* Required work:
Copy out each line of the material exactly. Pictures do not belong in the copy.

* Supplied material:
········
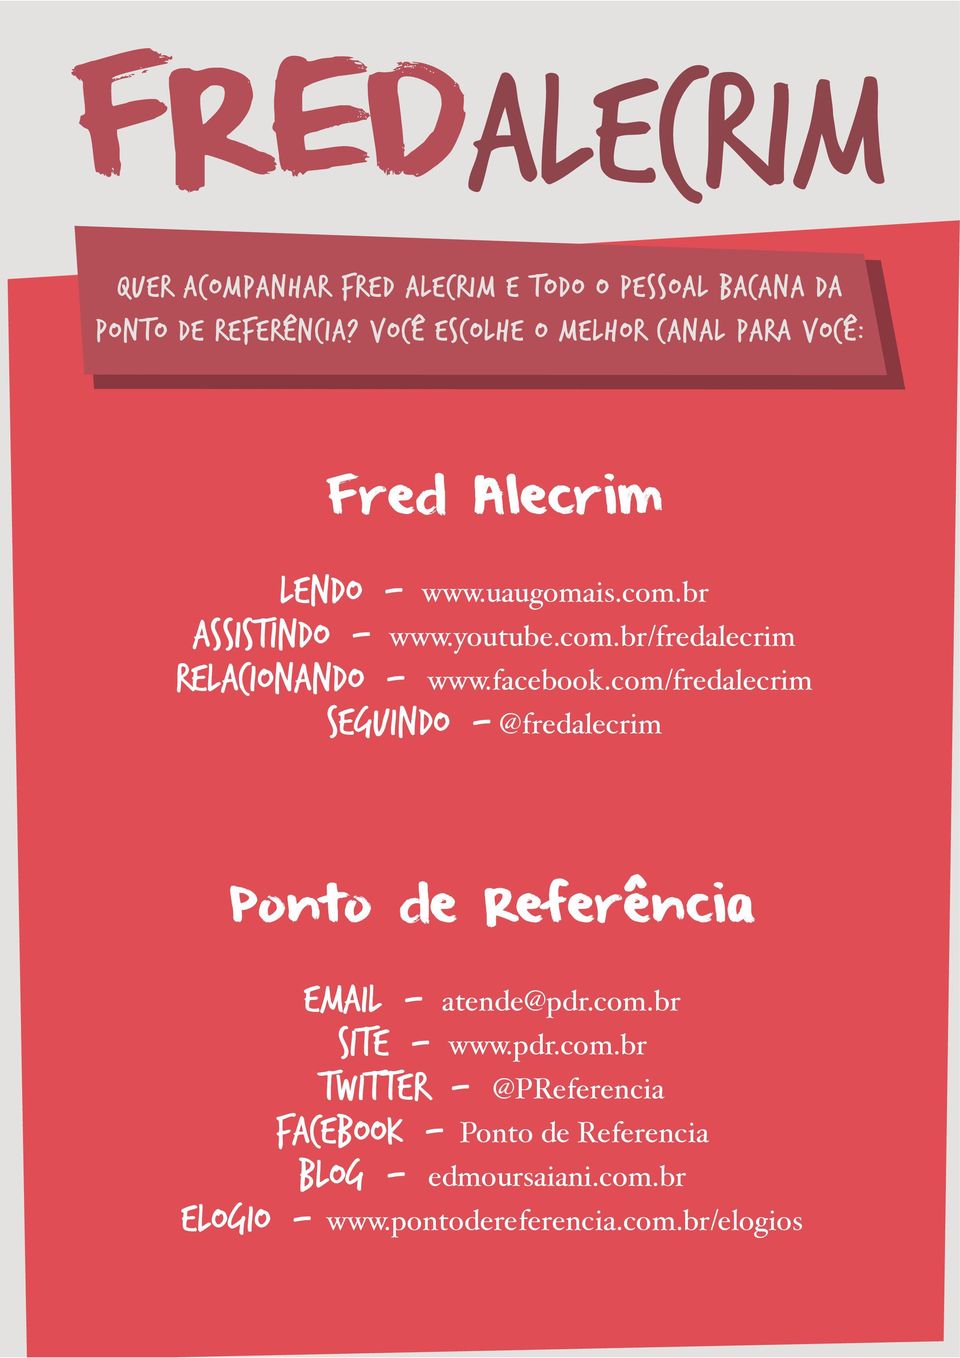 facebook.com/fredalecrim Seguindo - @fredalecrim Ponto de Referência Email - atende@pdr.com.br Site - www.pdr.com.br Twitter - @PReferencia Facebook - Ponto de Referencia Blog - edmoursaiani.
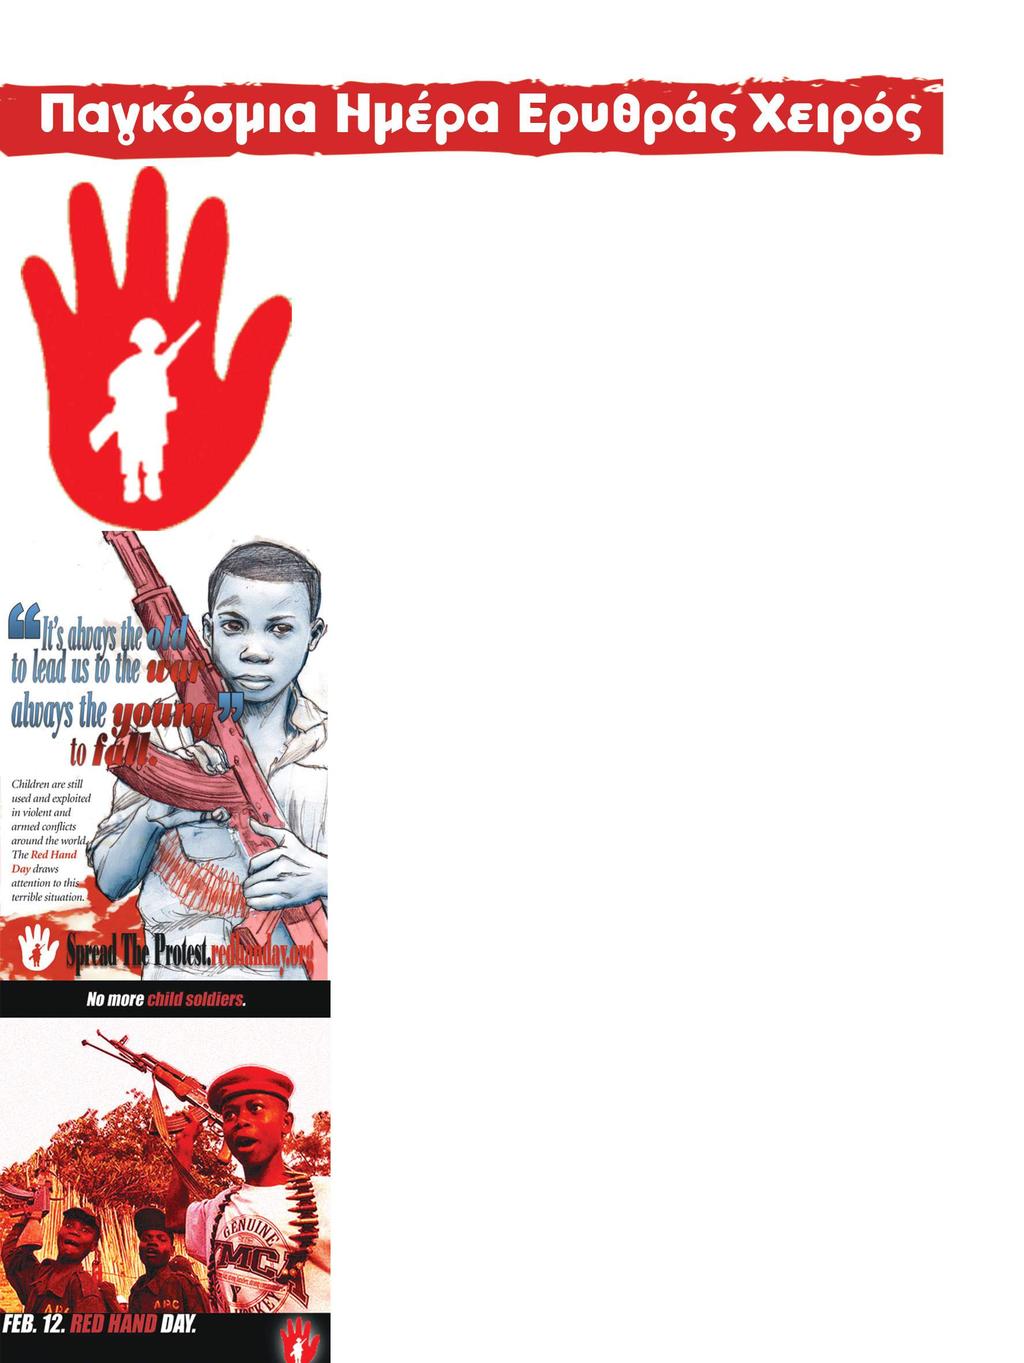 Φλεβάρης 14 EΔΟΝόπουλα H12η Φεβρουαρίου έχει καθιερωθεί ως Ημέρα της Ερυθράς Χειρός, ή Ημέρα του Κόκκινου Χεριού και είναι αφιερωμένη στα παιδιά που εμπλέκονται σε πολεμικές συρράξεις και καθιερώθηκε
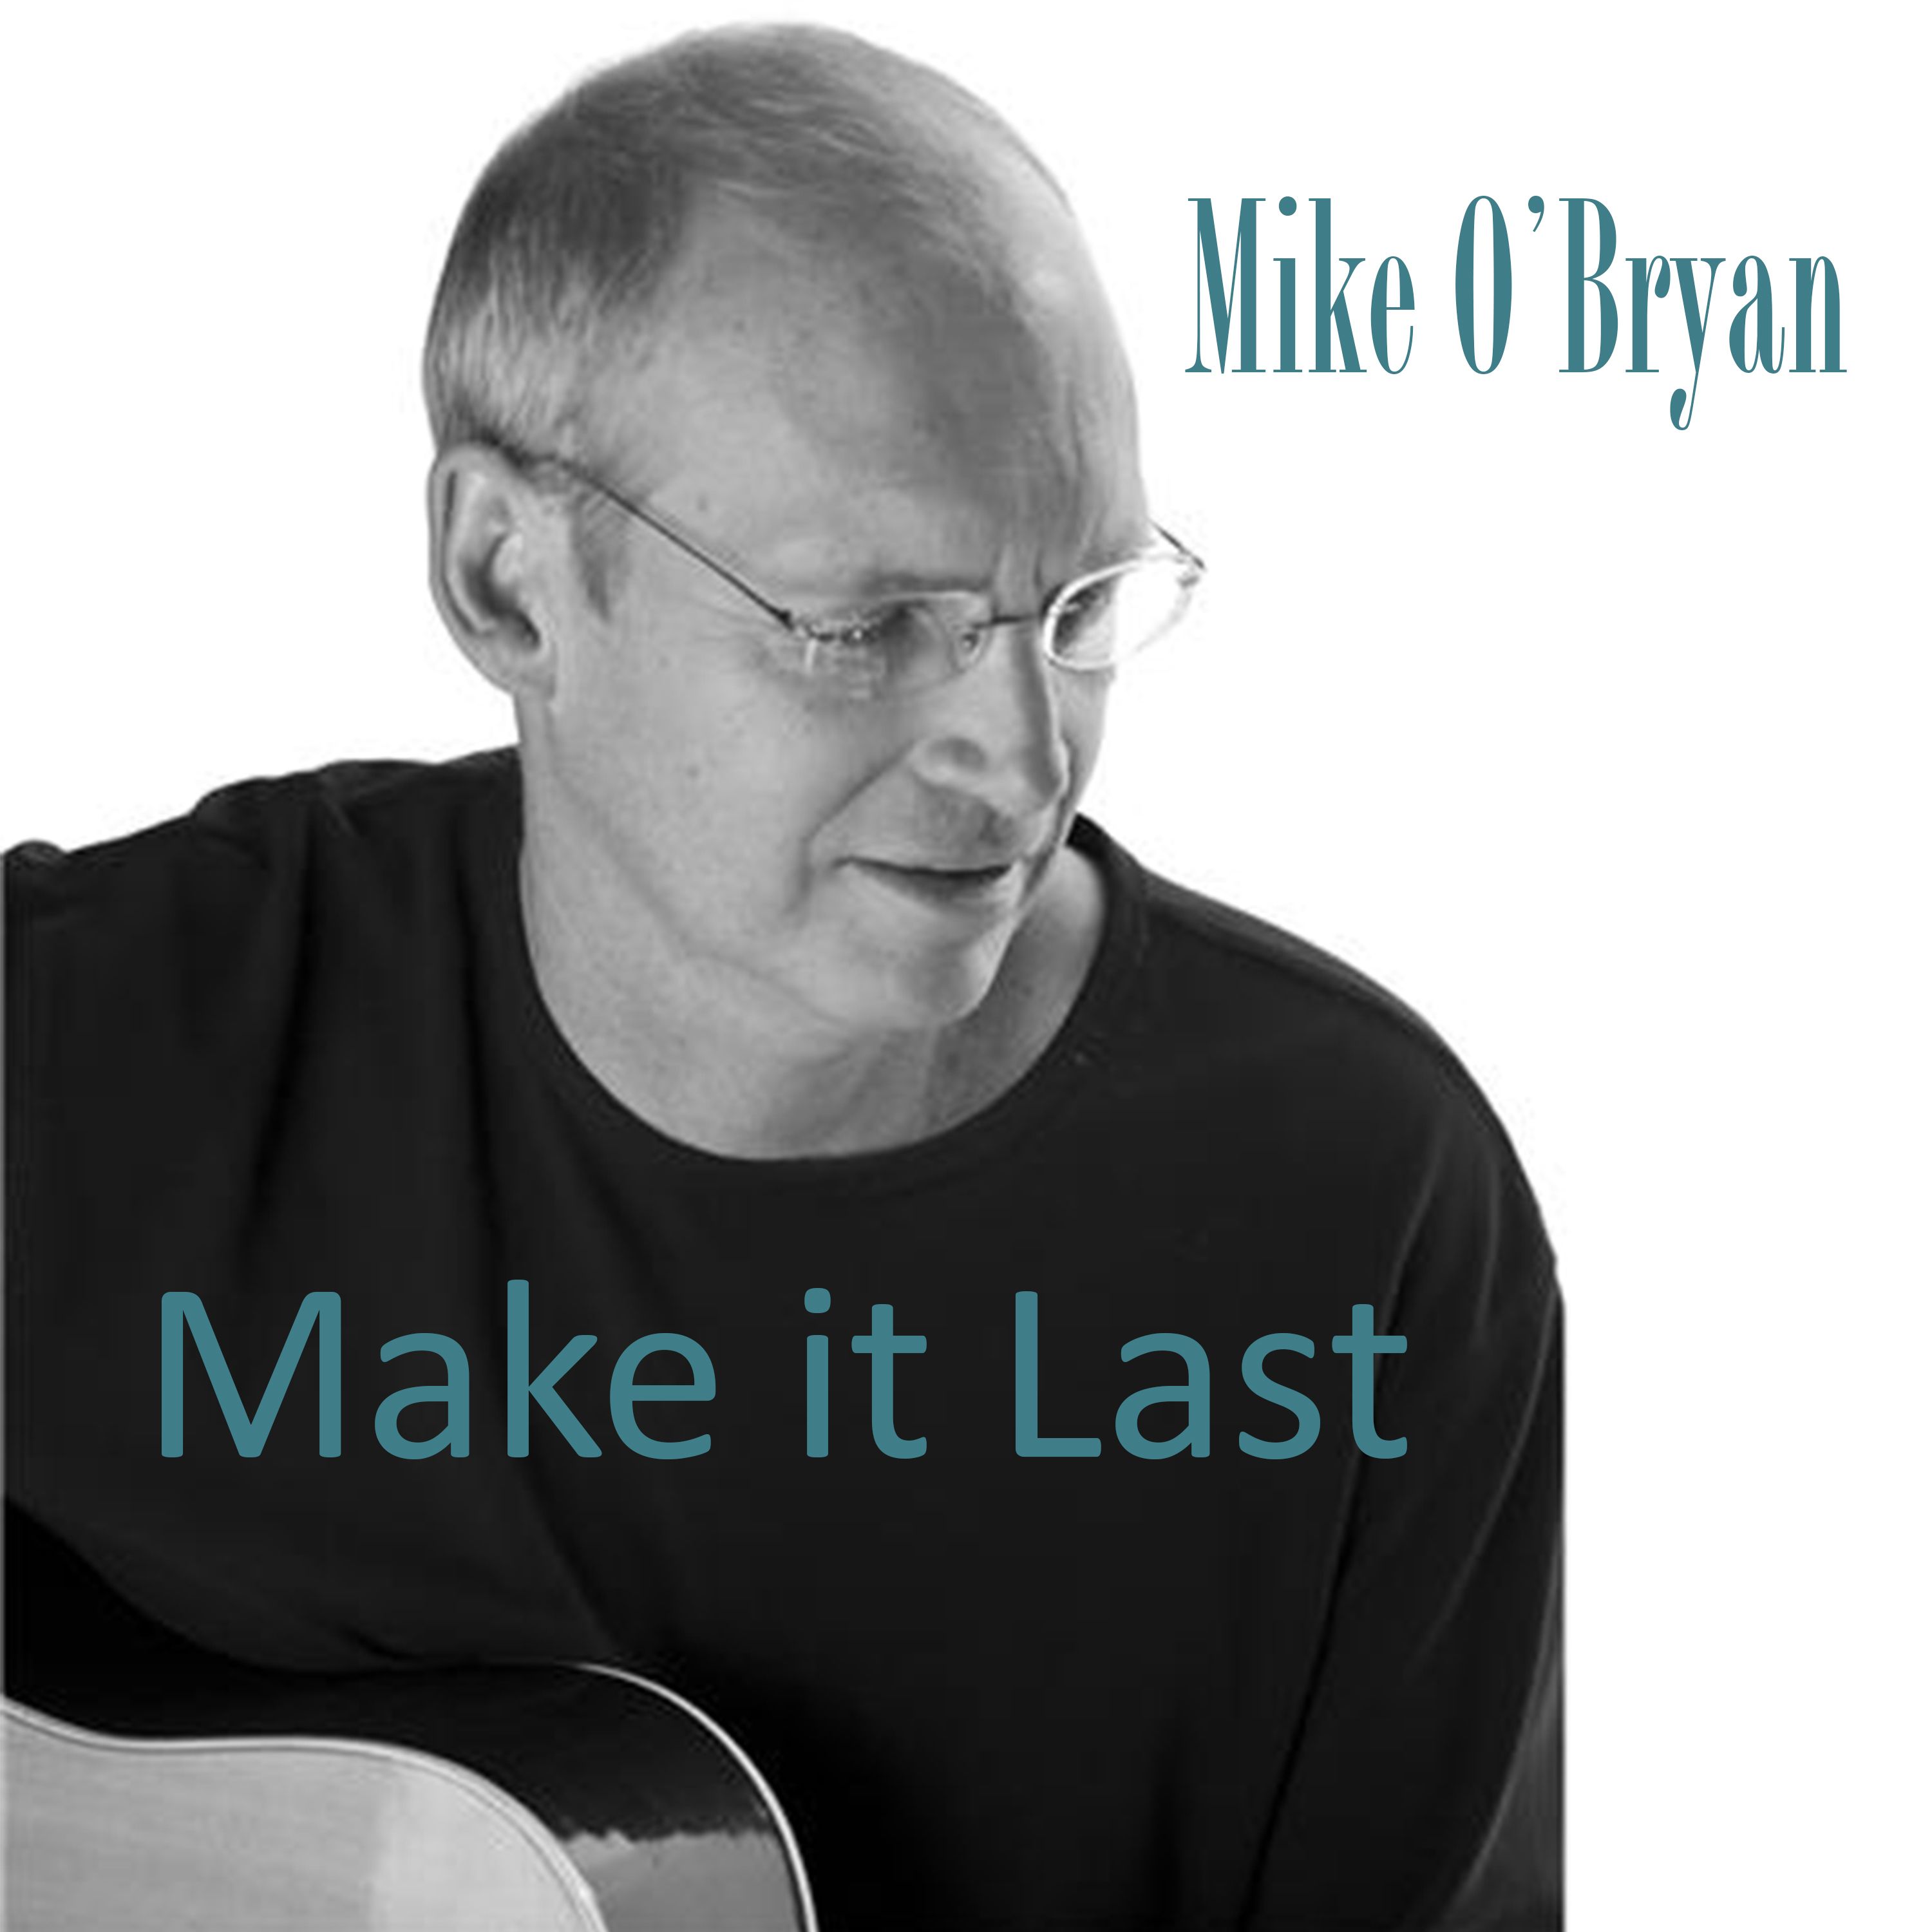 Mike O'Bryan
········
* Finished task:
 facebook.com/fredalecrim Seguindo - @fredalecrim Ponto de Referência Email - atende@pdr.com.br Site - www.pdr.com.br Twitter - @PReferencia Facebook - Ponto de Referencia Blog - edmoursaiani.
 Φλεβάρης 14 EΔΟΝόπουλα H12η Φεβρουαρίου έχει καθιερωθεί ως Ημέρα της Ερυθράς Χειρός, ή Ημέρα του Κόκκινου Χεριού και είναι αφιερωμένη στα παιδιά που εμπλέκονται σε πολεμικές συρράξεις και καθιερώθηκε
 Mike O'Bryan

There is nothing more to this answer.